Tuzo
- Conservation status: FAO (2007): endangered; DAD-IS (2025): at risk/endangered ;
- Country of origin: Japan; Germany; Europe; United States;

Traits
- Weight: Male: 1.3–1.5 kg; Female: 1–1.2 kg;
- Egg colour: white or light brown

Classification
- APA: not recognised
- EE: yes
- PCGB: Asian hard feather, true bantam

= Tuzo (chicken) =

German breed of bantam chicken

The Tuzo is a German breed of true bantam chicken of gamecock type. It derives from birds of Asian origin and was developed partly in Europe and partly in the United States.

== History ==

The Tuzo derives from birds of Asian origin. It may have been a Japanese breed or type: a detailed description is given in an account of cock-fighting in Japan written in 1929; it is not a recognised breed in modern Japan.
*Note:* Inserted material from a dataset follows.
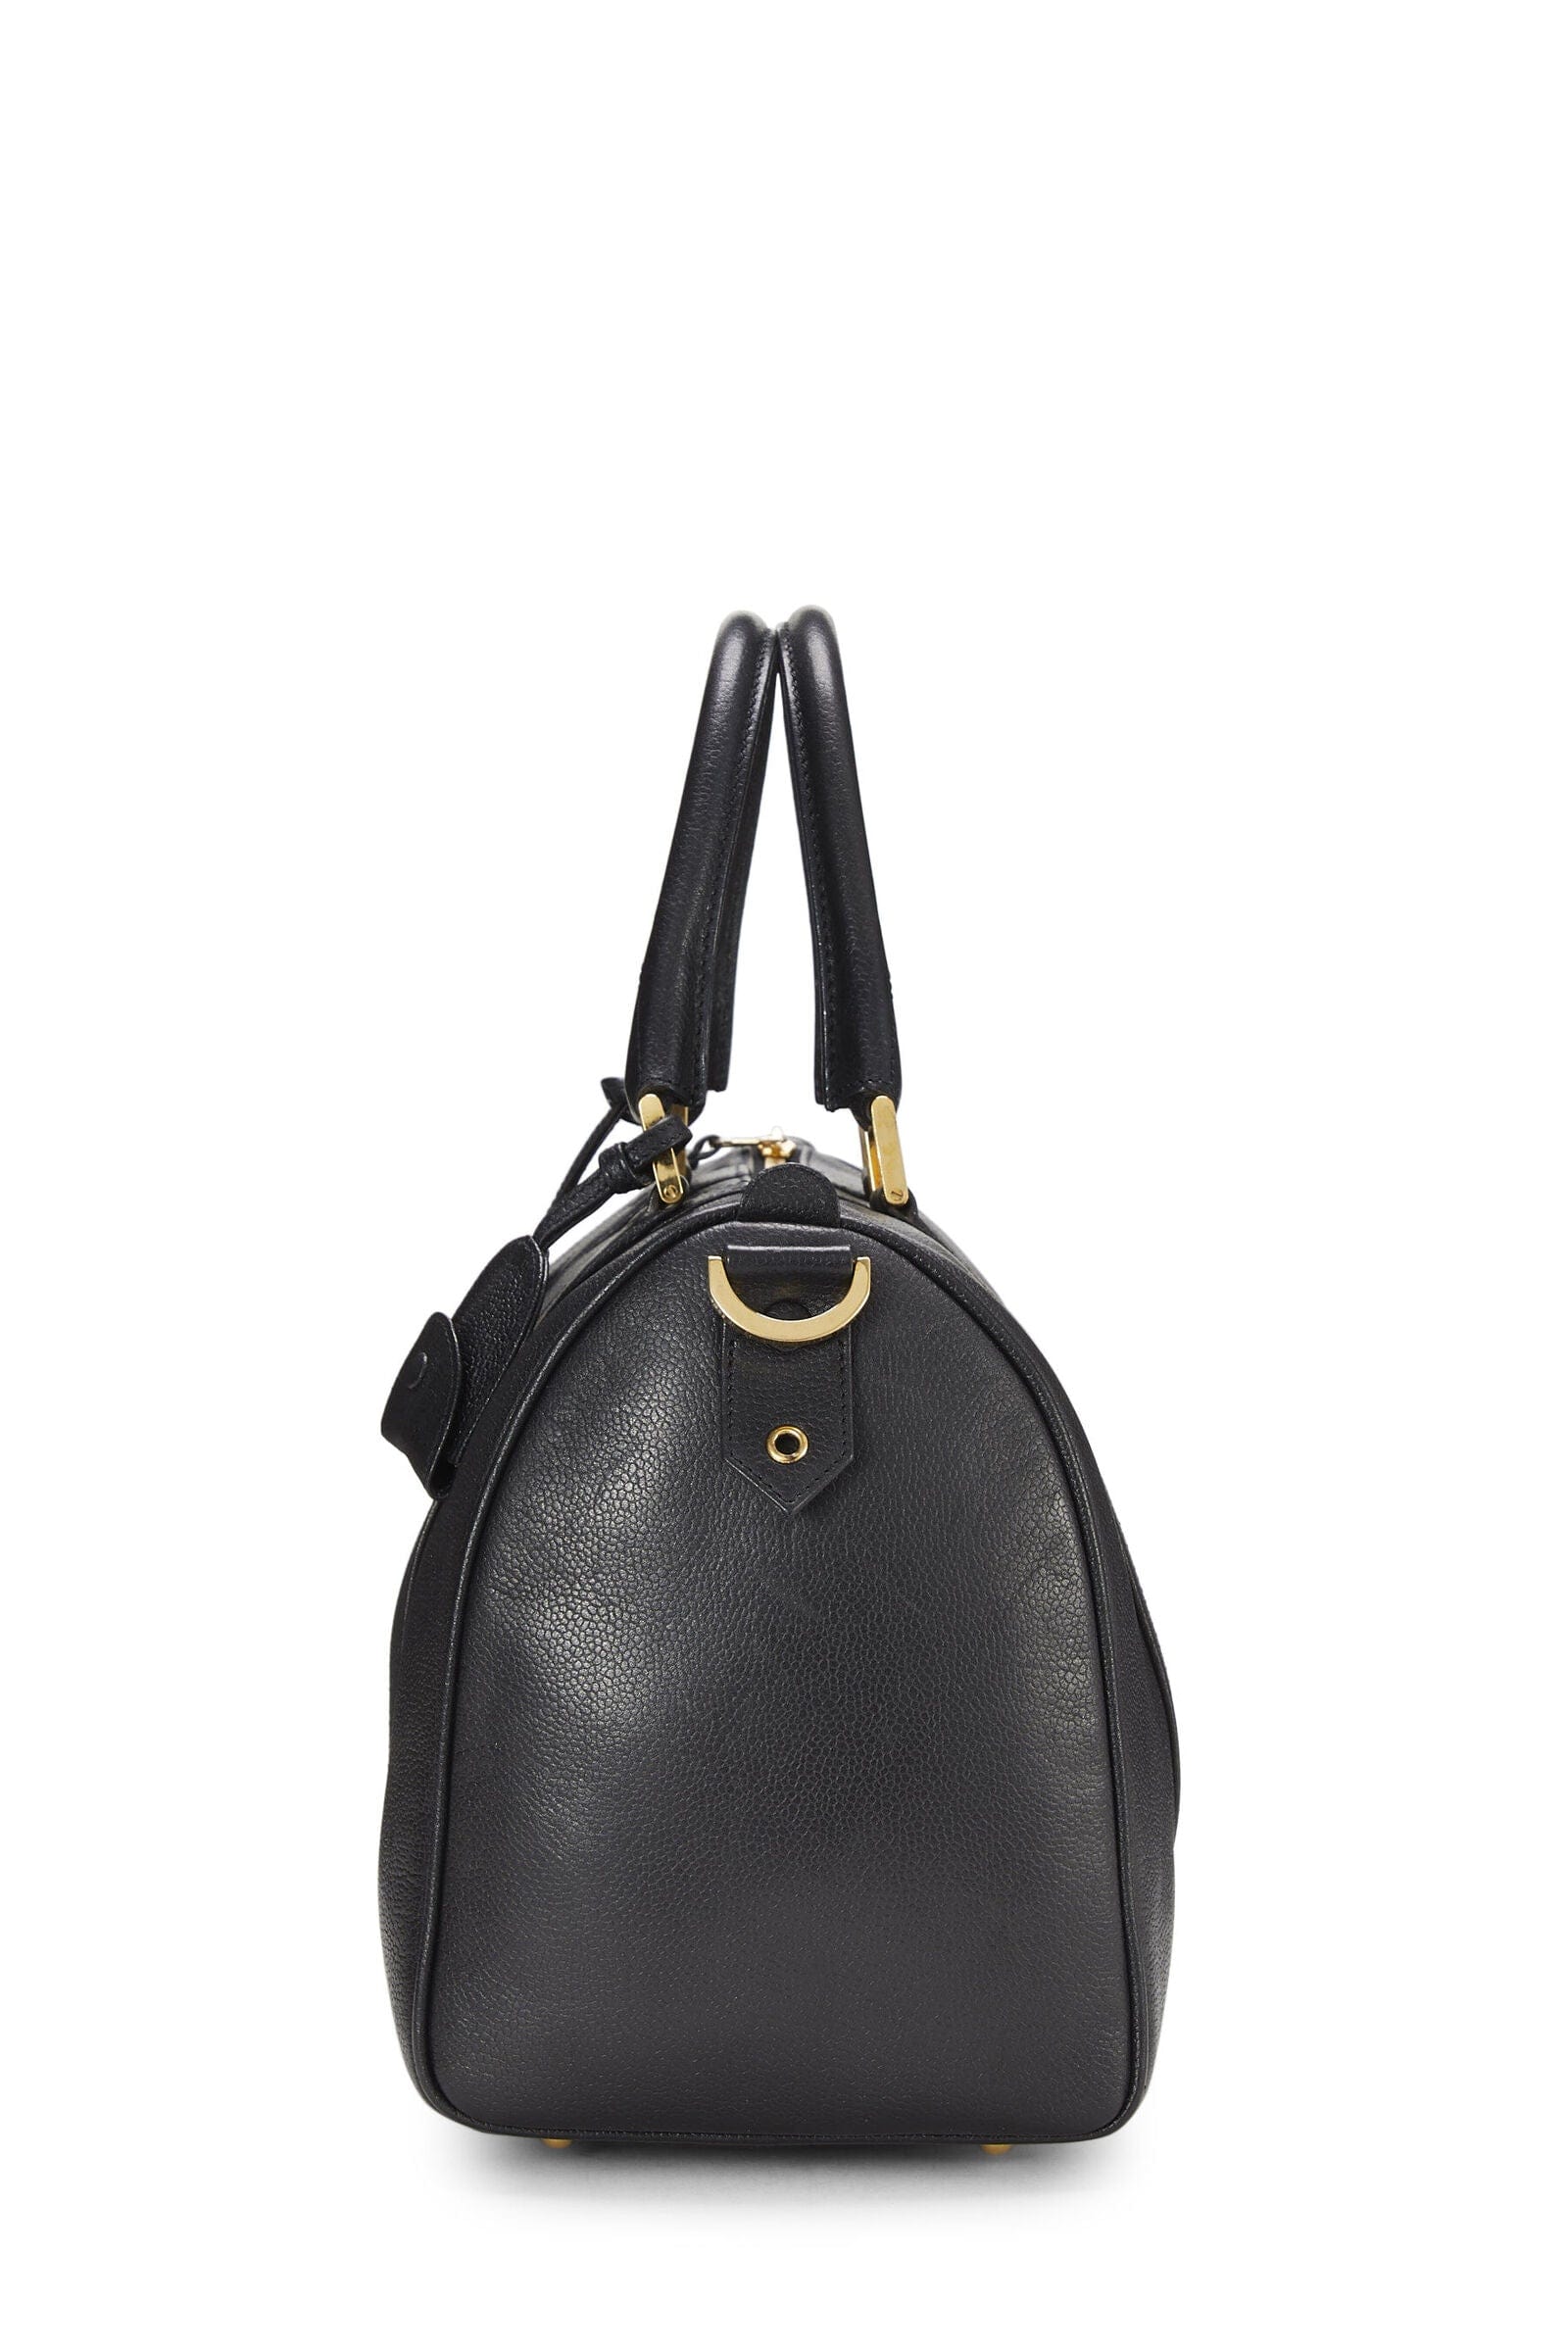 Chanel Chanel Black Small Boston Bag Q6B04J0FKH010

Later breeding took place partly in Europe and partly in the United States. The breed was recognised in Germany in 1983, and in the twenty-first century is recognised also by the Entente Européenne and by the Poultry Club of Great Britain – which classifies it as an Asian hard feather breed – but not by the American Poultry Association.

== Characteristics ==

The Entente Européenne recognises five colour variants – black, black mottled, blue, wheaten and white – and also lists the black-red. The Poultry Club of Great Britain recognises three colours: black, blue and white.

== Use ==

The Tuzo was bred for cock-fighting. Standards are published for birds intended for showing. Hens lay about 80 white or light brown eggs per year, with an average weight of about 35 g.